**Problem statement**
The whole listing, except its pictures, is to be repeated exactly.

**Information provided**
◆ ◆ ◆ ◆

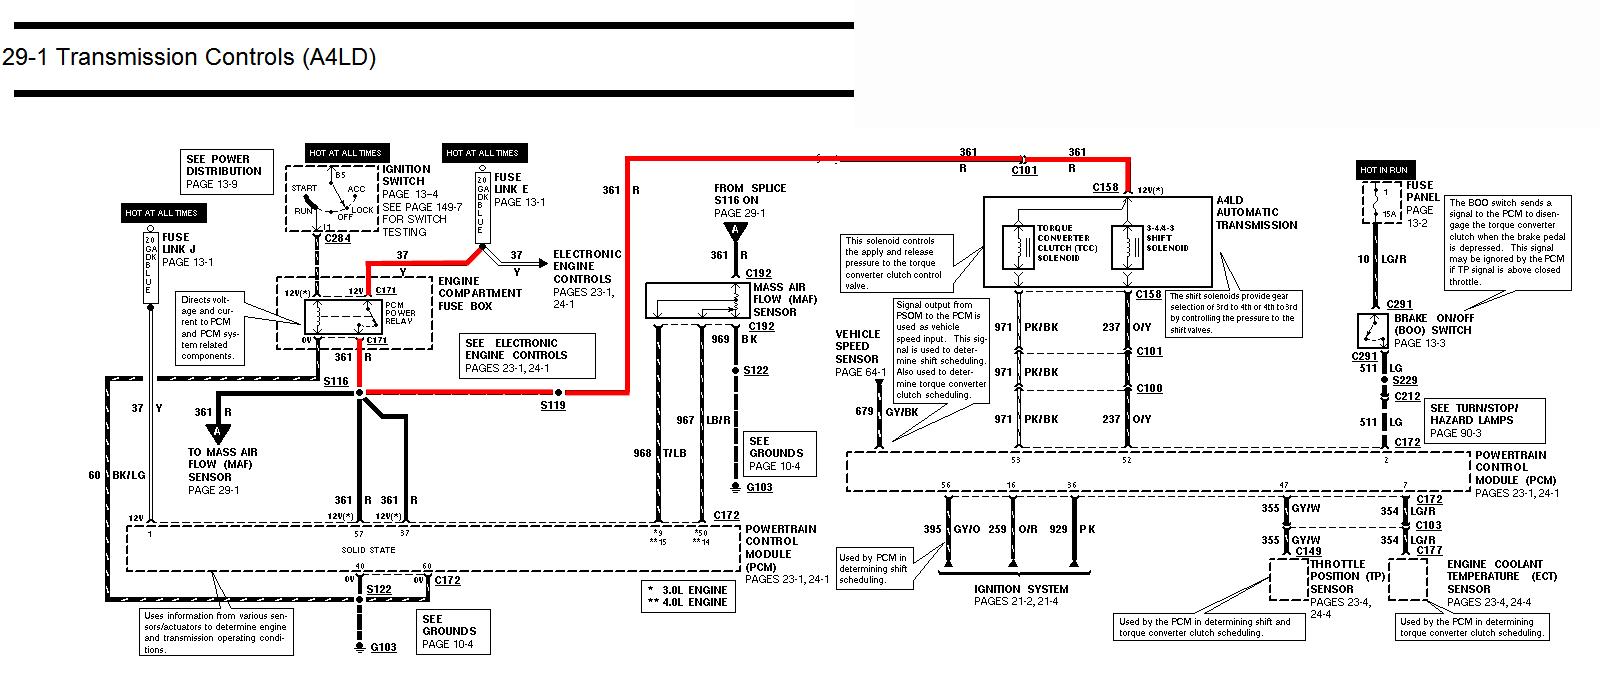 97 F150 Transmission Diagram
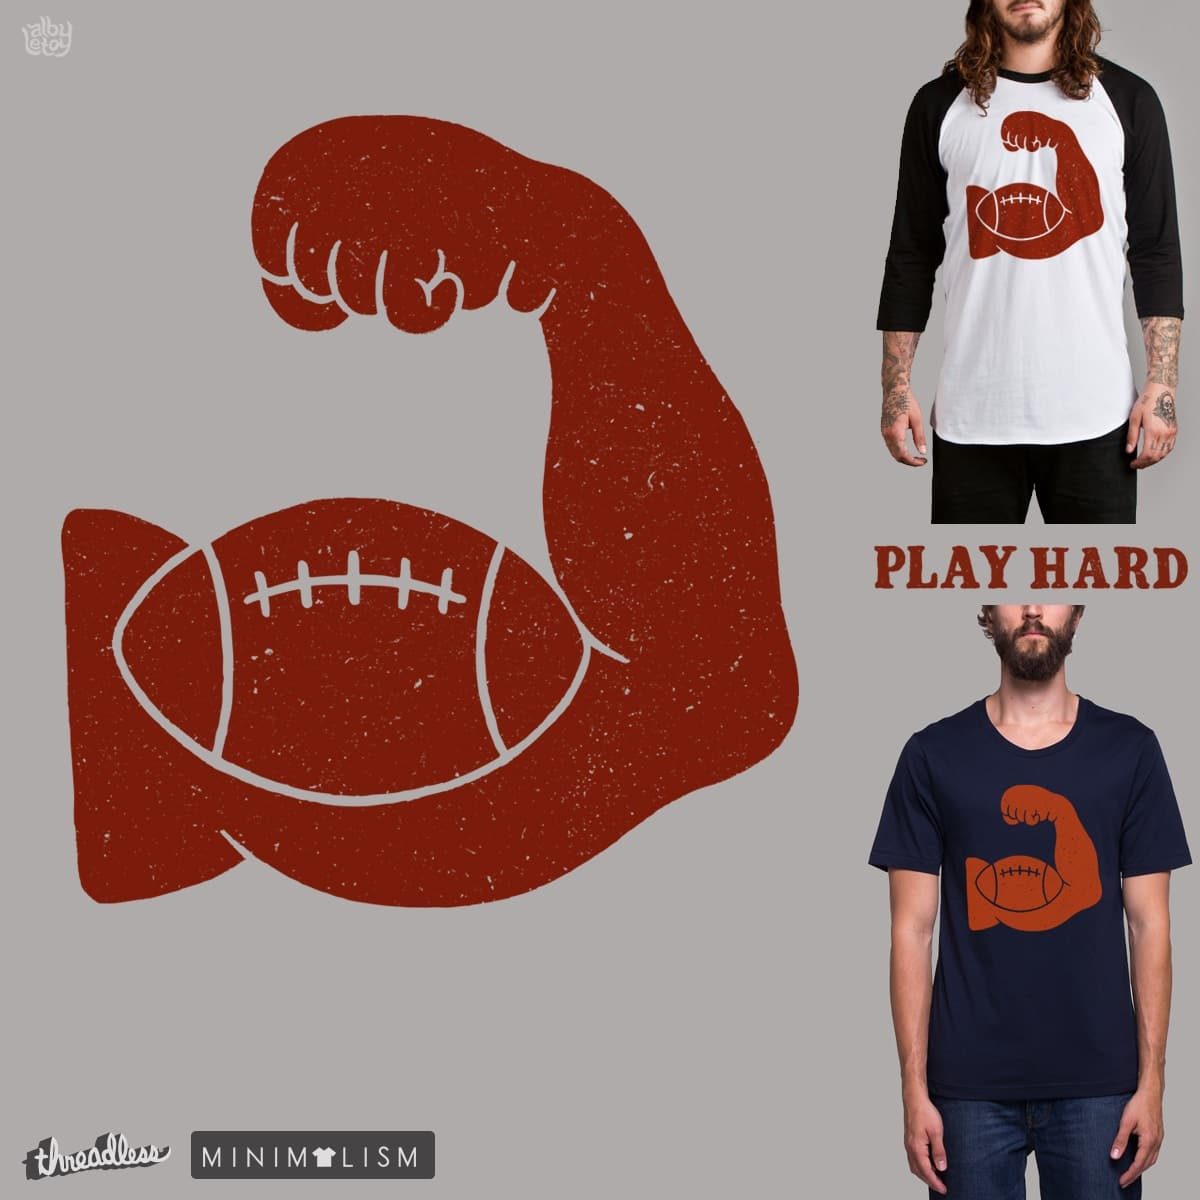 PLAY HARD by albyletoy on Threadless
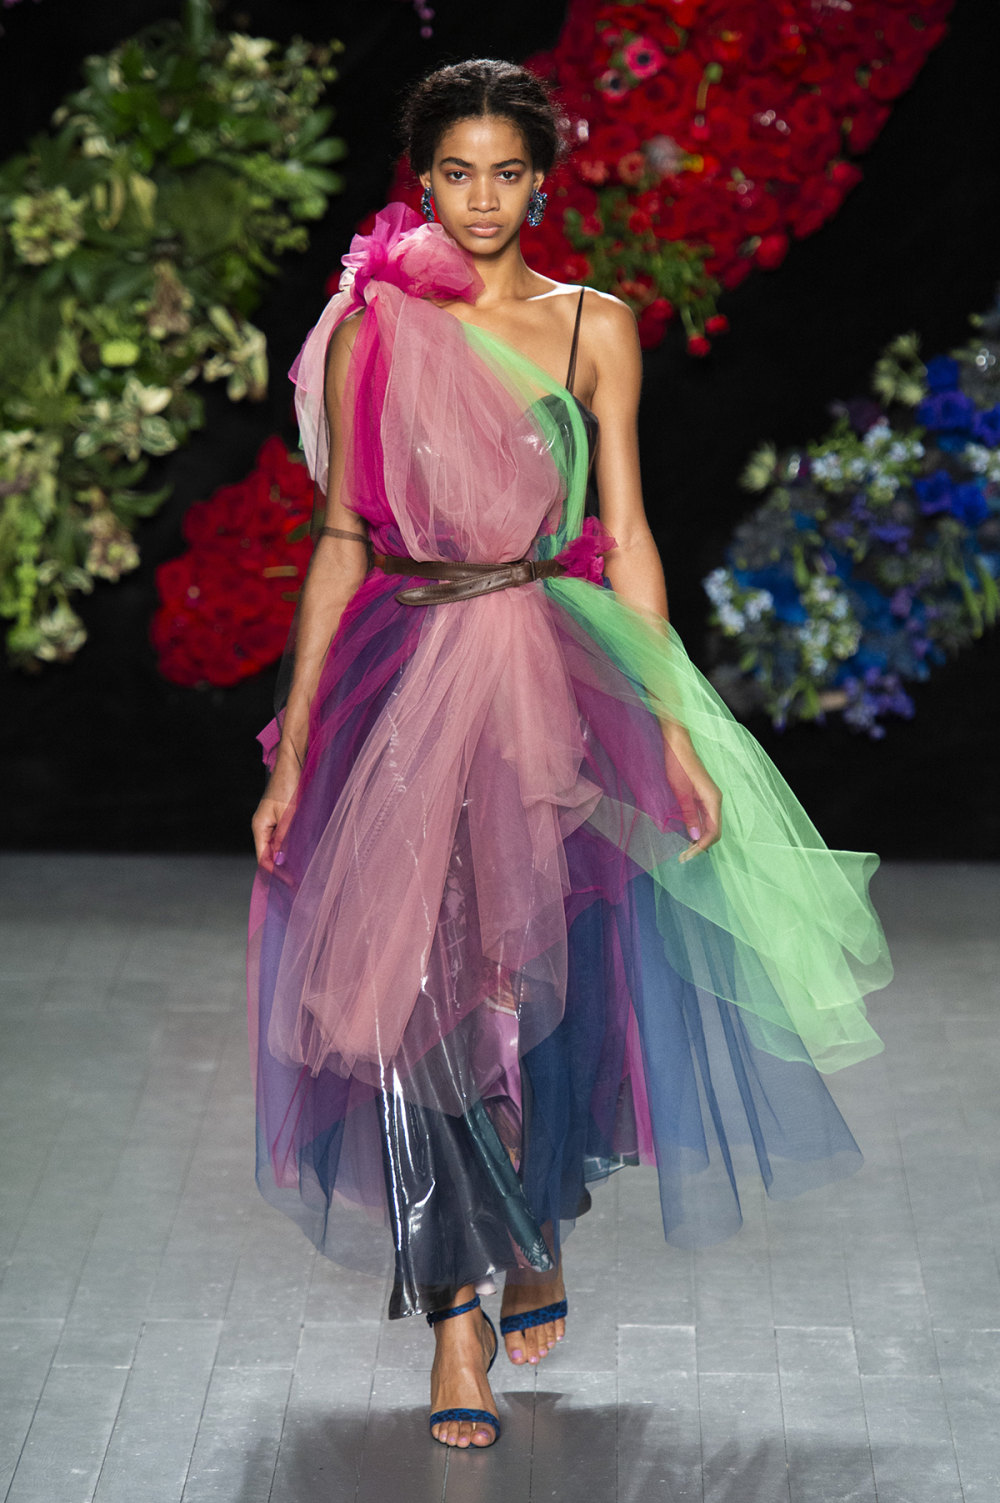 Roberta Einer时装系列格子呢西装外套收紧腰部霓虹色腰带连帽衫-27.jpg
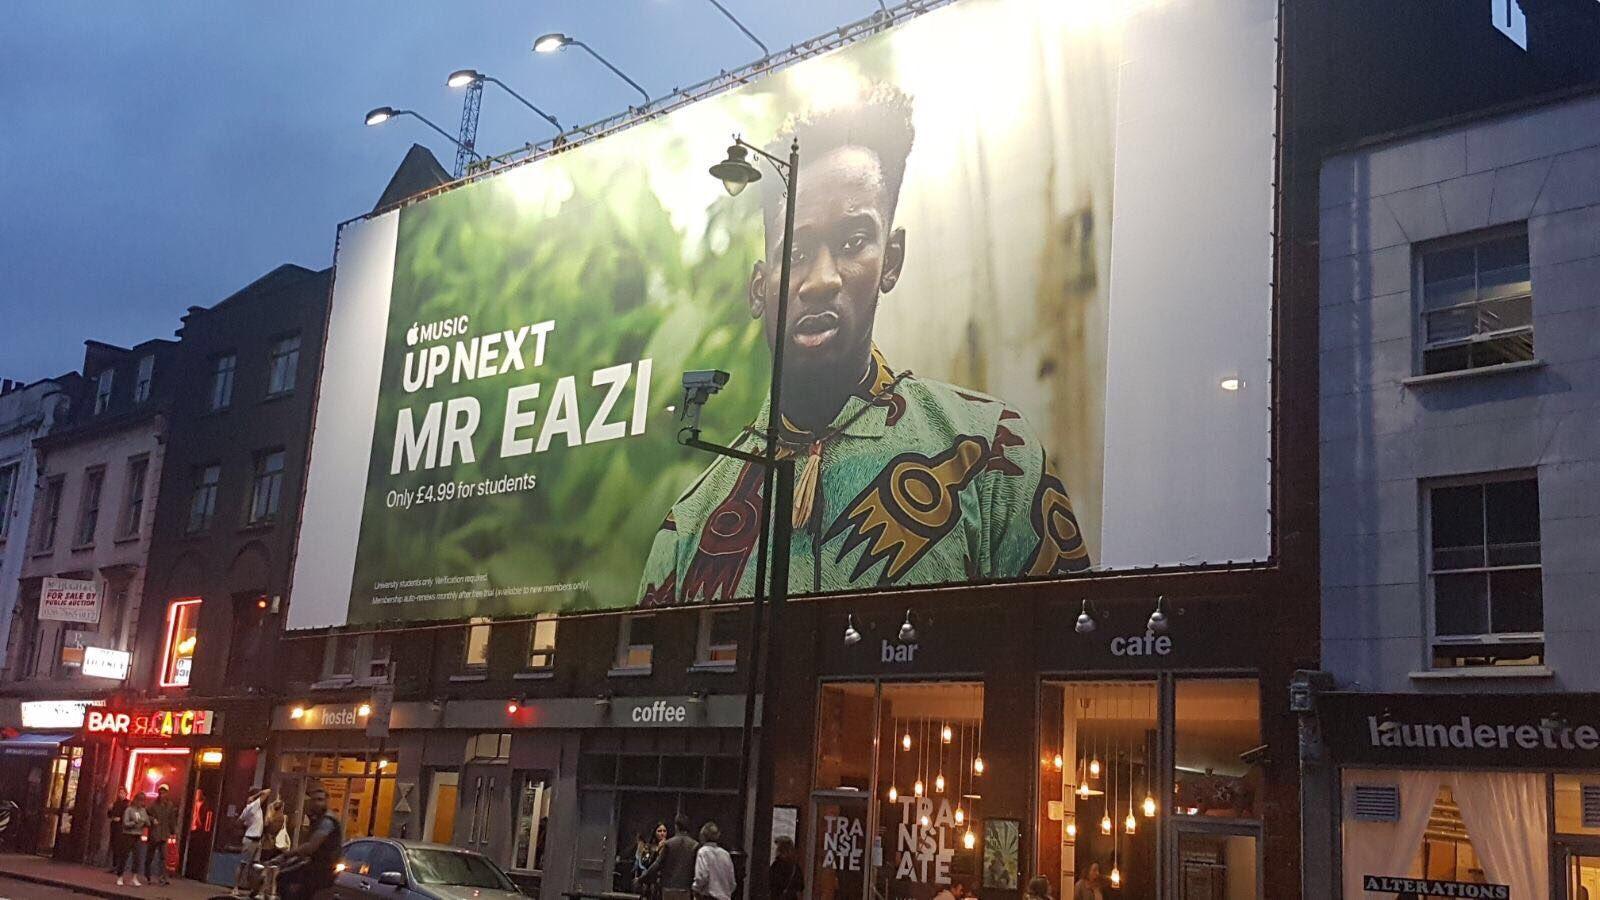 MR EAZI2

◆ ◆ ◆ ◆

**Task result**
 97 F150 Transmission Diagram
 PLAY HARD by albyletoy on Threadless
 Roberta Einer时装系列格子呢西装外套收紧腰部霓虹色腰带连帽衫-27.jpg
 MR EAZI2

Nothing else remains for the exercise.